How the hell did we still have AAA rating with $10T in debt already?


----------



## Chucktown PE (Nov 12, 2008)

Actually, if the government uses the accounting methods that businesses have to use then they are $53 trillion in debt. This includes all those unfunded liabilities (entitlements) that we voted to ourselves. While you're at it, if anyone hasn't read Atlas Shrugged, now would be a good time to do it.


----------



## benbo (Nov 12, 2008)

If all you people beleive the end of the world is here, and the government is so horrible, why are you bothering to get a government sanctioned engineering license?
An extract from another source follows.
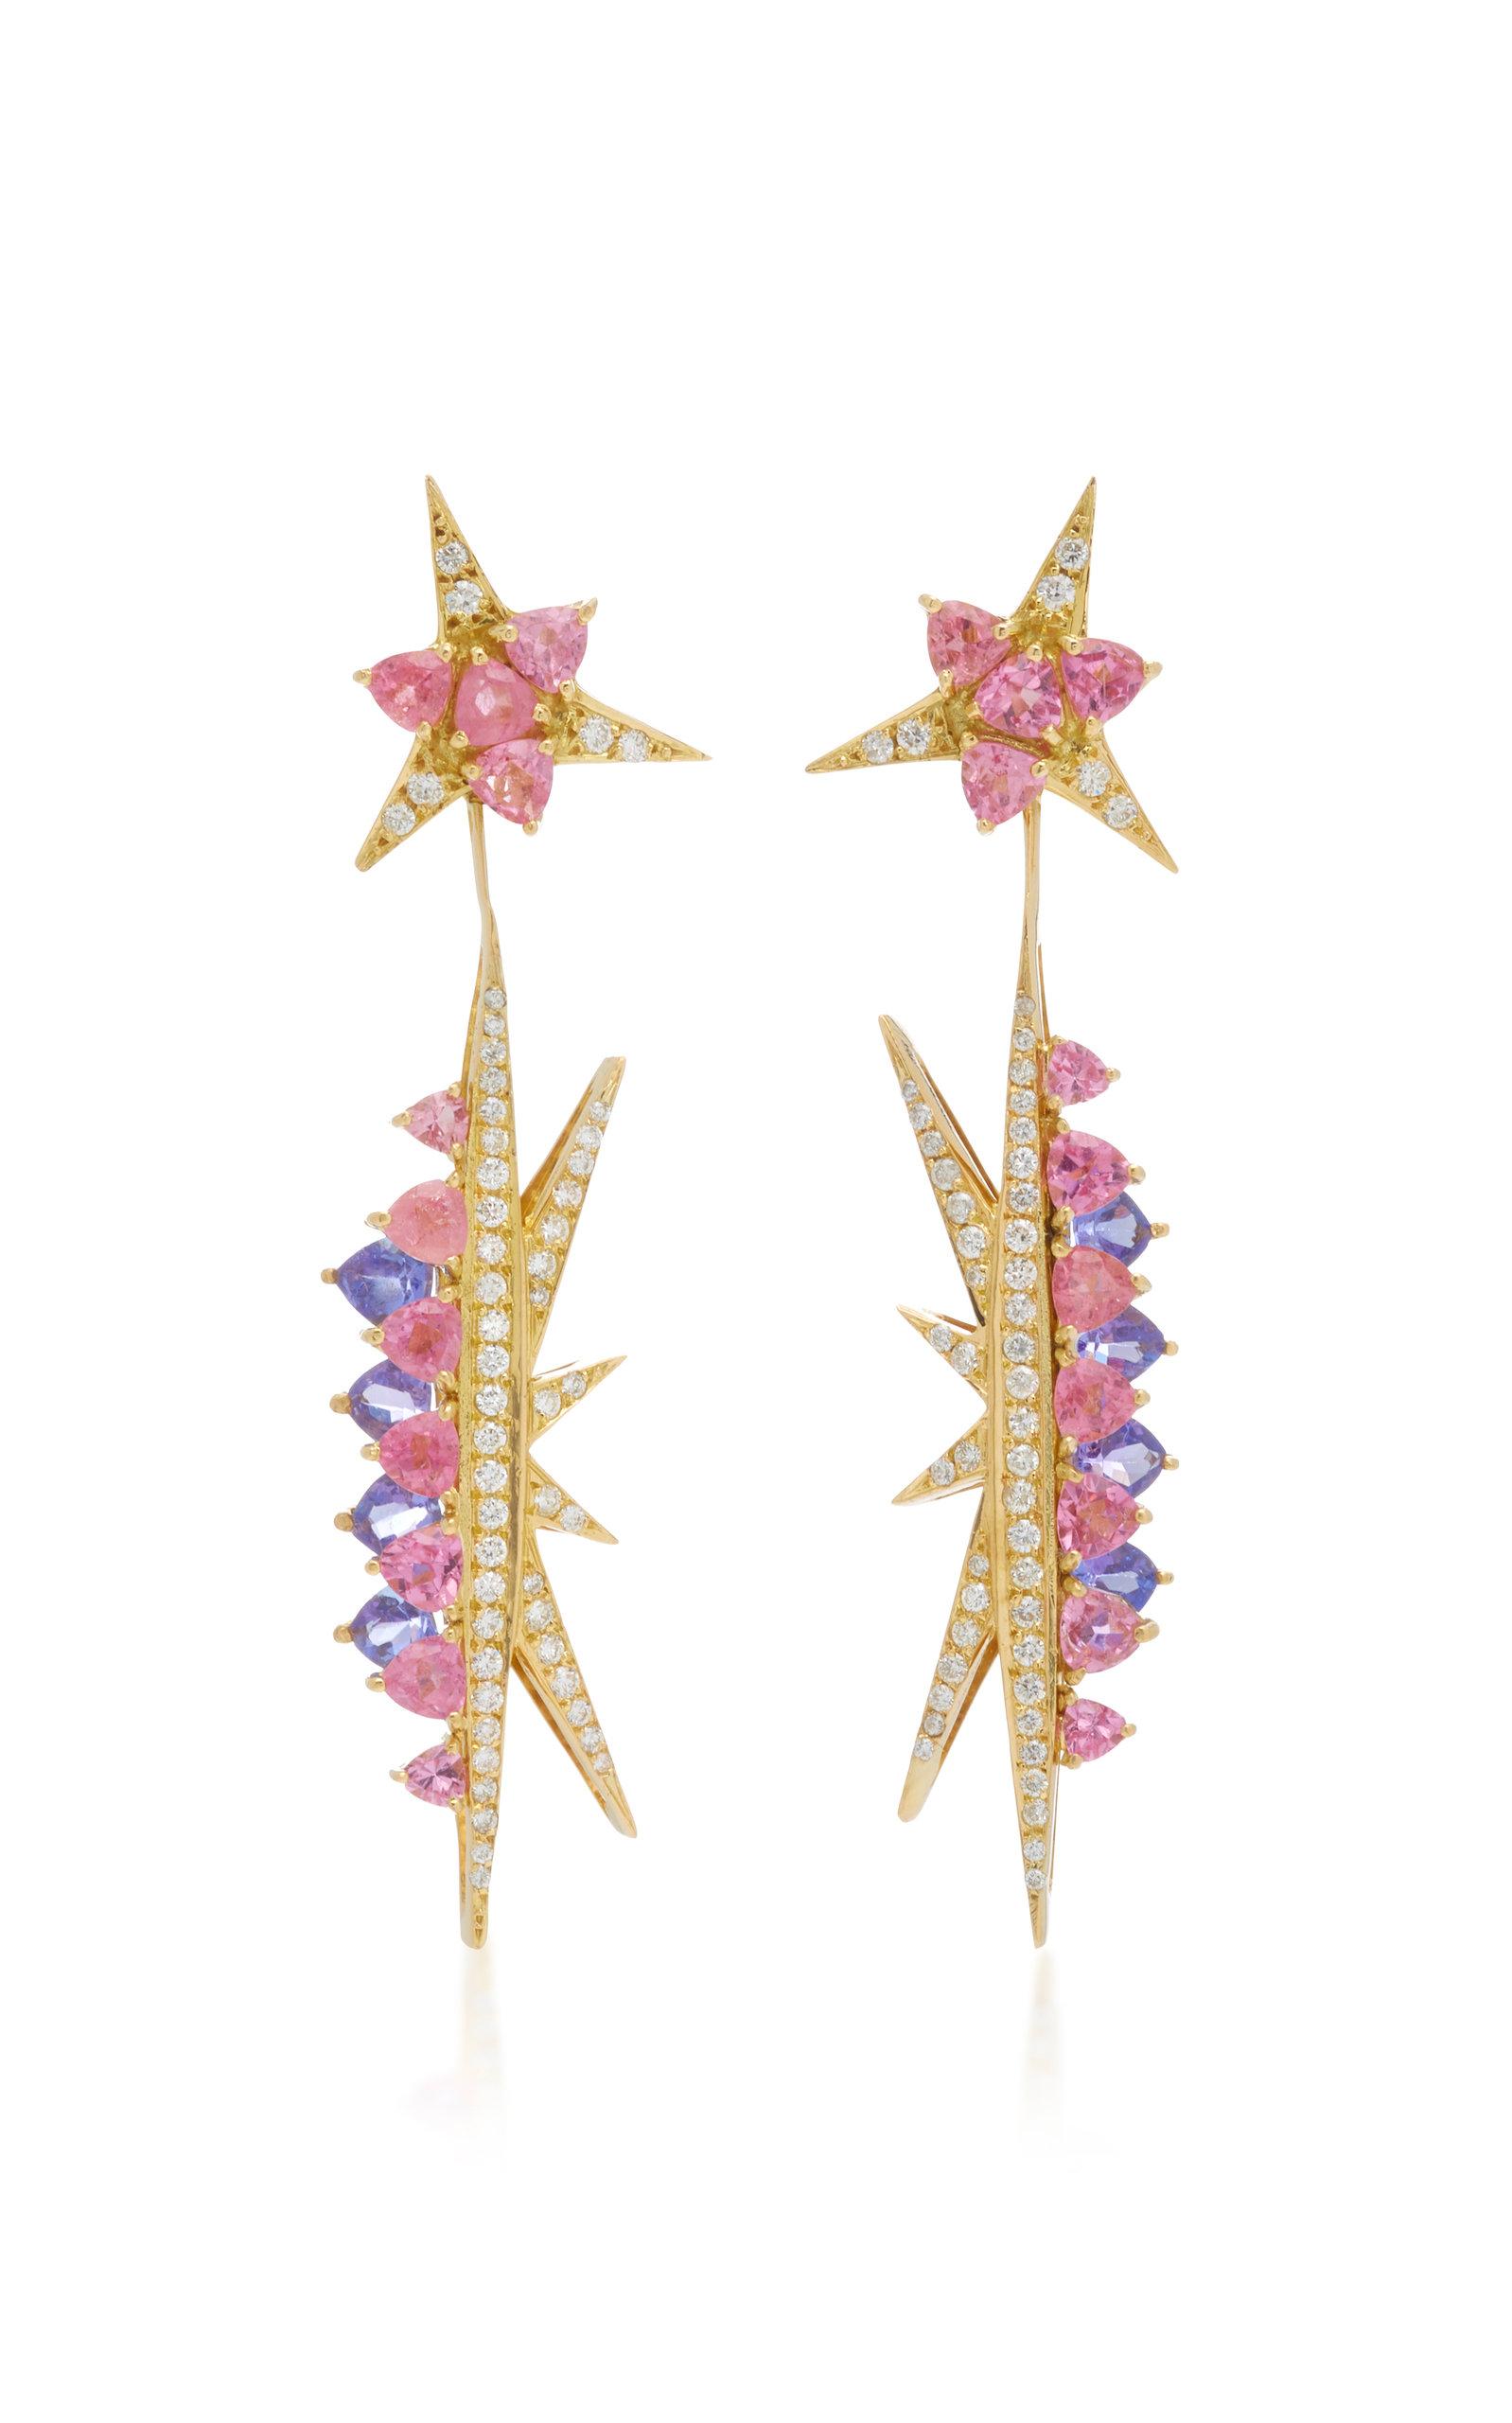 6d57b9b91 Carol KauffmannGalactic Electra 18K Gold, Pink Tourmaline, Tanzanite And Diamond  Drop Earrings

I swear I've been hearing this same stuff for 35 years. The natioanl debt as a portion of GDP was over 120% at the end of World War II.


----------



## wilheldp_PE (Nov 12, 2008)

Ron Paul is the lone voice of reason in Washington.


----------



## wilheldp_PE (Nov 12, 2008)

benbo said:


> If all you people beleive the end of the world is here, and the government is so horrible, why are you bothering to get a government sanctioned engineering license?


In order to do our jobs and earn a living without interference from the armed wing of the government.


----------



## benbo (Nov 12, 2008)

wilheldp_PE said:


> In order to do our jobs and earn a living without interference from the armed wing of the government.


How does getting a license from government exactly protect you from "the armed wing of government?"


----------



## wilheldp_PE (Nov 12, 2008)

benbo said:


> How does getting a license from government exactly protect you from "the armed wing of government?"


Doing engineering work without a valid license is an actionable offense in most states.


----------



## Chucktown PE (Nov 12, 2008)

benbo said:


> If all you people beleive the end of the world is here, and the government is so horrible, why are you bothering to get a government sanctioned engineering license?
> I swear I've been hearing this same stuff for 35 years. The natioanl debt as a portion of GDP was over 90% at the end of World War II.


What choice do I have? I suppose it would be much more practical for me to go work at a fucking McDonalds so I don't have to have a government sanctioned engineering license. I don't agree with government licensing of anything but I have a wife and kids to support so in the name of practicality I have to play by the arbitrary bullshit rules of the government. In addition, licensing is a state law and as long as the federal government isn't mandating it and it's a state's right then I don't have as much of a problem with it.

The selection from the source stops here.